Webhooks
- 此功能仍处于实验阶段,在未来版本中可能会发生更改。
- 文件后端不支持 webhooks。只有 SQL 后端支持 webhooks。
- 只有 OSS MLflow 支持 webhooks。Databricks 或其他托管 MLflow 服务可能不支持此功能。
概述
MLflow webhooks 可以在 Model Registry 和 Prompt Registry 中发生特定事件时提供实时通知。当您注册模型或提示、创建新版本或修改标签和别名时,MLflow 可以自动将 HTTP POST 请求发送到您指定的端点。这使得与 CI/CD 管道、通知系统和其他外部服务实现无缝集成。
主要特性
- Model Registry 和 Prompt Registry 事件的实时通知
- HMAC 签名验证,用于安全地传递 webhook
- 多种事件类型,包括模型/提示创建、版本化和标记
- 内置测试,用于验证 webhook 连接性
支持的事件
MLflow webhooks 支持以下 Model Registry 和 Prompt Registry 事件
事件 | 描述 | 载荷模式 |
---|---|---|
registered_model.created | 当创建新的已注册模型时触发 | RegisteredModelCreatedPayload |
model_version.created | 当创建新的模型版本时触发 | ModelVersionCreatedPayload |
model_version_tag.set | 当在模型版本上设置标签时触发 | ModelVersionTagSetPayload |
model_version_tag.deleted | 当从模型版本中删除标签时触发 | ModelVersionTagDeletedPayload |
model_version_alias.created | 当为模型版本创建别名时触发 | ModelVersionAliasCreatedPayload |
model_version_alias.deleted | 当从模型版本中删除别名时触发 | ModelVersionAliasDeletedPayload |
prompt.created | 当创建新的提示时触发 | PromptCreatedPayload |
prompt_version.created | 当创建新的提示版本时触发 | PromptVersionCreatedPayload |
prompt_tag.set | 当在提示上设置标签时触发 | PromptTagSetPayload |
prompt_tag.deleted | 当从提示中删除标签时触发 | PromptTagDeletedPayload |
prompt_version_tag.set | 当在提示版本上设置标签时触发 | PromptVersionTagSetPayload |
prompt_version_tag.deleted | 当从提示版本中删除标签时触发 | PromptVersionTagDeletedPayload |
prompt_alias.created | 当为提示版本创建别名时触发 | PromptAliasCreatedPayload |
prompt_alias.deleted | 当从提示中删除别名时触发 | PromptAliasDeletedPayload |
快速入门
创建 Webhook
from mlflow import MlflowClient
client = MlflowClient()
# Create a webhook for model version creation events
webhook = client.create_webhook(
name="model-version-notifier",
url="https://your-app.com/webhook",
events=["model_version.created"],
description="Notifies when new model versions are created",
secret="your-secret-key", # Optional: for HMAC signature verification
)
print(f"Created webhook: {webhook.webhook_id}")
测试 Webhook
在将 webhook 投入生产之前,请使用 MlflowClient.test_webhook()
使用示例载荷进行测试。
# Test the webhook with an example payload
result = client.test_webhook(webhook.webhook_id)
if result.success:
print(f"Webhook test successful! Status code: {result.response_status}")
else:
print(f"Webhook test failed. Status: {result.response_status}")
if result.error_message:
print(f"Error: {result.error_message}")
您也可以测试特定的事件类型
# Test with a specific event type
result = client.test_webhook(webhook.webhook_id, event="model_version.created")
当您调用 test_webhook()
时,MLflow 会将示例载荷发送到您的 webhook URL。这些测试载荷的结构与真实事件载荷相同。点击上表中载荷模式链接,查看每种事件类型的确切结构和示例。
测试多事件 Webhooks
如果您的 webhook 订阅了多个事件,test_webhook()
的行为取决于您是否指定了事件
- 不指定事件:MLflow 使用 webhook 事件列表中的第一个事件
- 指定特定事件:MLflow 使用指定的事件(必须在 webhook 事件列表中)

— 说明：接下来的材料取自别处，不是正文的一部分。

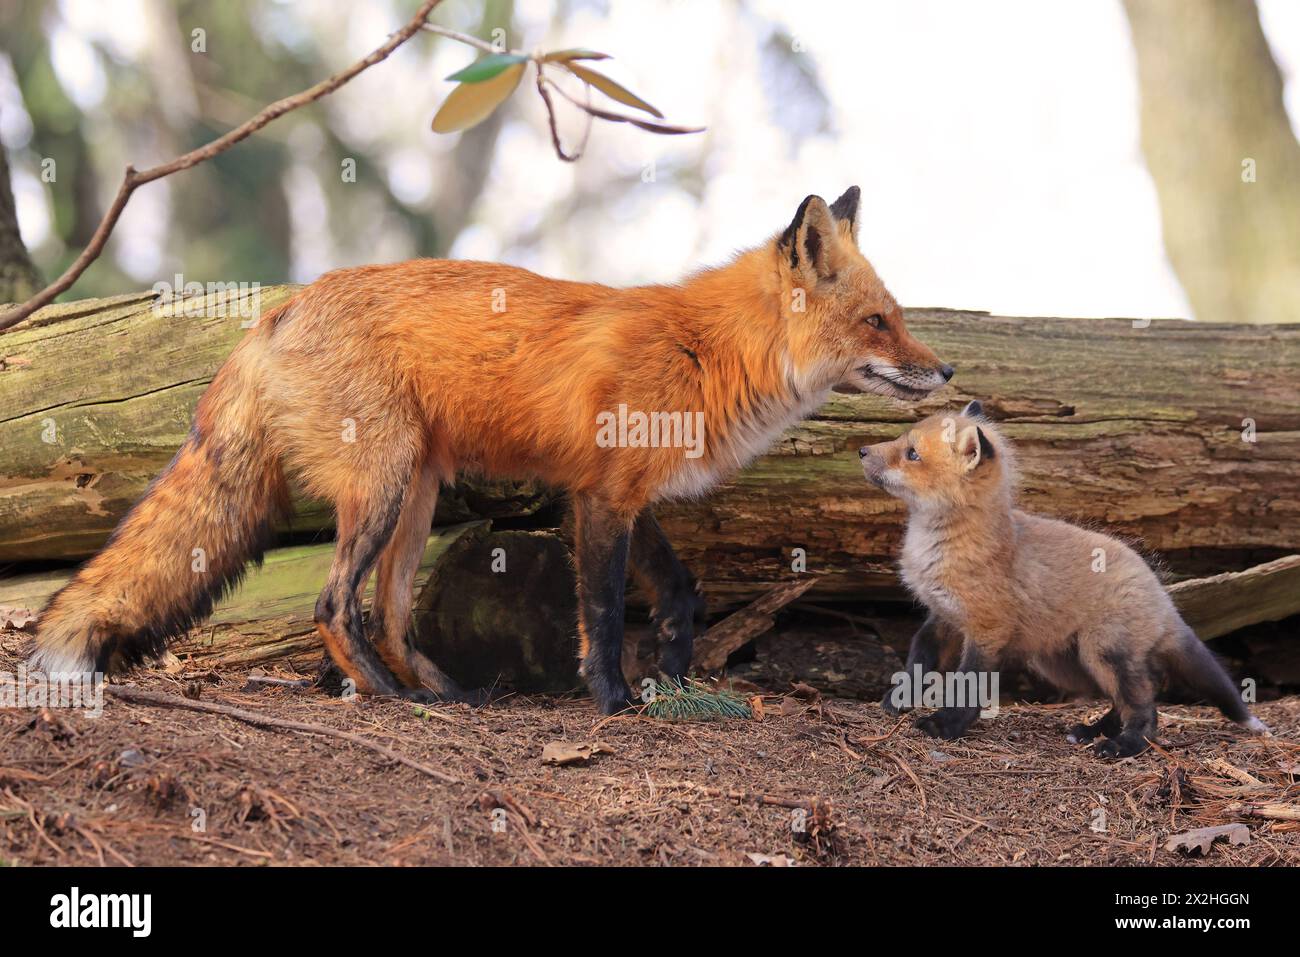 Portrait de mère renard roux et son bébé dans la forêt, Canada Banque D'Images

# Create webhook with multiple events
webhook = client.create_webhook(
name="multi-event-webhook",
url="https://your-domain.com/webhook",
events=[
"registered_model.created",
"model_version.created",
"model_version_tag.set",
],
secret="your-secret-key",
)
# Test with first event (registered_model.created)
result = client.test_webhook(webhook.webhook_id)
# Test with specific event
result = client.test_webhook(
webhook.webhook_id,
event=("model_version_tag.set"),
)
Webhook 管理
列出 Webhooks
使用 MlflowClient.list_webhooks()
来检索 webhooks。此方法返回分页结果。
# List webhooks with pagination
webhooks = client.list_webhooks(max_results=10)
for webhook in webhooks:
print(f"{webhook.name}: {webhook.url} (Status: {webhook.status})")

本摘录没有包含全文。